Paddy Larkin and Gerry McCann are pictured with Sinn Féin MLA Michael Ferguson (centre) at a press conference highlighting the PSNI's attempts to recruit people as informers.

Two Belfast men told a press conference on Tuesday 1 June how members of the PSNI Special Branch had approached them and asked them to become informers.

Paddy Larkin from Ardoyne told the Sinn Féin press conference that members of the PSNI started to put pressure on him after he had been charged with possessing an offensive weapon last year.

A catapult was found in his car while he was travelling to watch a Glasgow Celtic match and he was charged to appear at court in Stranraer. When Larkin was due to appear in court he was arrested in Belfast by the PSNI.

Said Larkin: "The PSNI handcuffed me and brought me to the harbour in Belfast to bring me to the court in Scotland. While in the restaurant on the boat, a PSNI member showed me a wallet full of money and said that if I helped them they would help me. I told them 'no chance'."

Larkin said he was approached again as he sat in the cells at the court, when one of the PSNI members told him he "could sort this out" for him.

"Again I told them I wasn't interested in helping them. Since that episode I have received countless phone calls from the PSNI asking me if I had changed my mind. I even changed my phone but they got the new number and continued to call me and ask me to inform. I wish they would just leave me alone."

West Belfast man Gerry McCann, who also appeared at the press conference, said that the PSNI put pressure on him to become an informant following his arrest last June for assault.

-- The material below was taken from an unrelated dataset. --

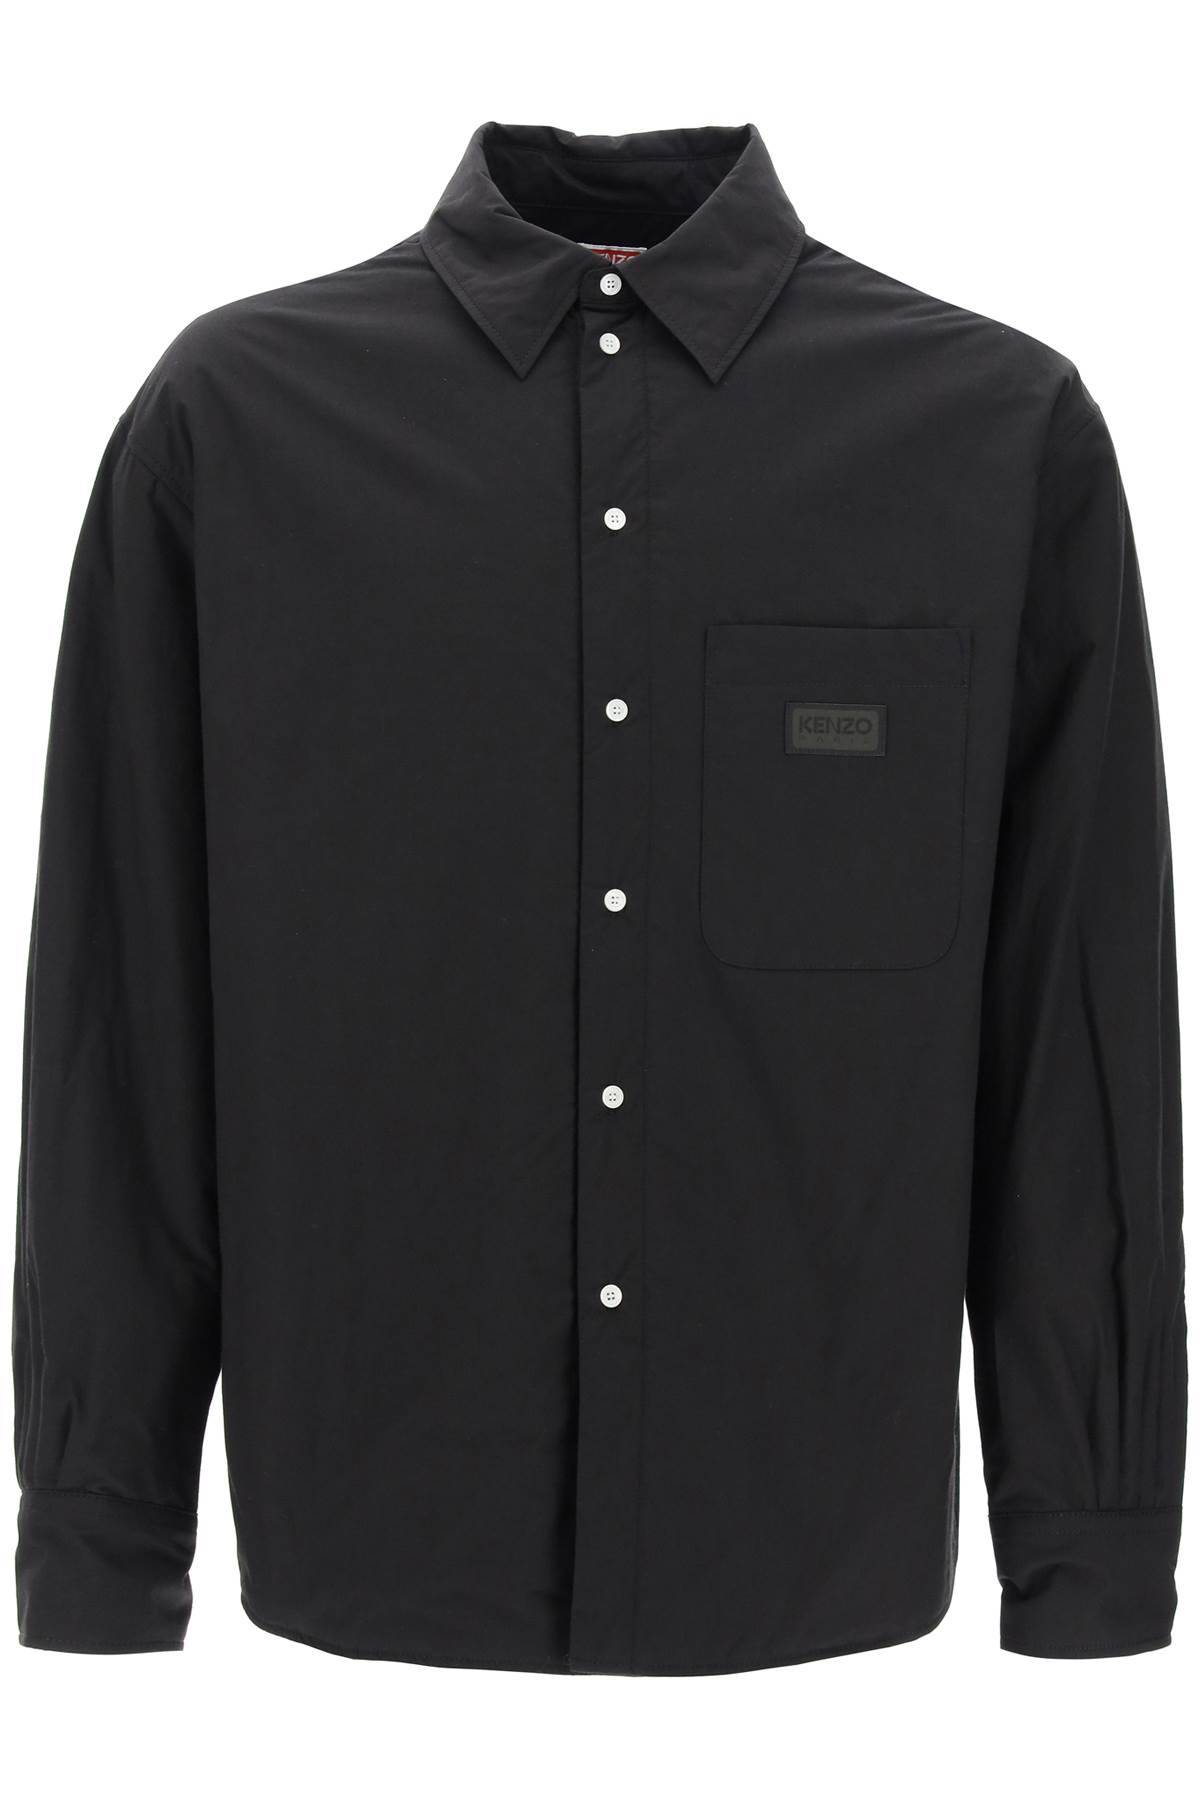 Kenzo Overshirt Imbottita In Black

"They told me my charges could 'disappear' if I kept an eye on known republicans in West Belfast. I went to Sinn Féin about the approaches from the PSNI who told me to log all the details with my solicitor."

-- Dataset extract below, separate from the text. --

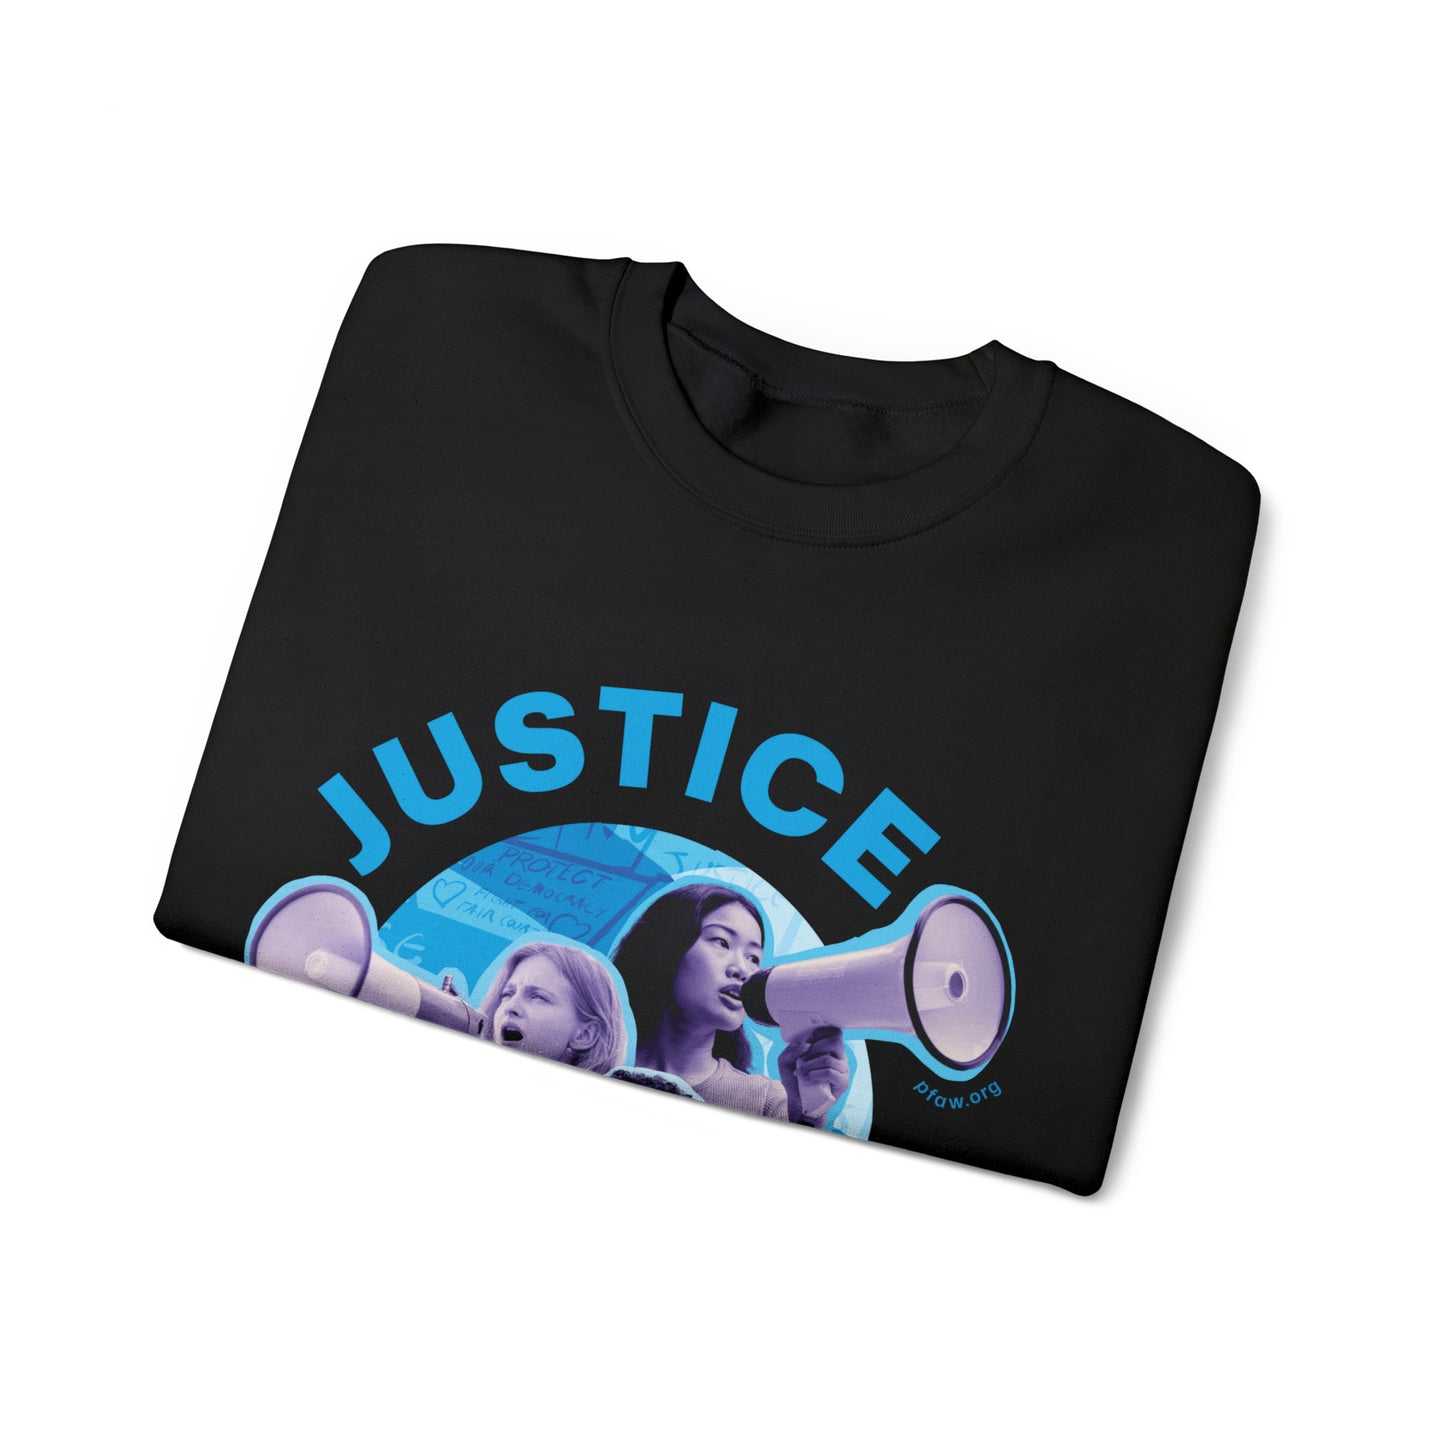 Justice is the American Way Crewneck Sweatshirt

Sinn Féin Assembly member Michael Ferguson, who accompanied both men at the press conference, said that the approaches to the men illustrated "only too well that the Special Branch's dirty war against the nationalist community continues.

"Sinn Féin has received other reports of similar Special Branch activity across the Six Counties," he said and the party would continue to monitor the situation.

The Sinn Féin MLA criticised the Policing Board, saying "the activity of Special Branch is never discussed by this body because they are powerless to do anything about it.

"Also those, in particular the SDLP, who support the current policing arrangements need to answer questions about this Special Branch activity, running agents, trying to recruit agents and still spying on the nationalist community".

Ferguson stressed the need for anyone who found themselves in a similar situation to come forward and "contact a solicitor, a priest, Sinn Féin or anyone in the community to expose this behaviour and get it stopped".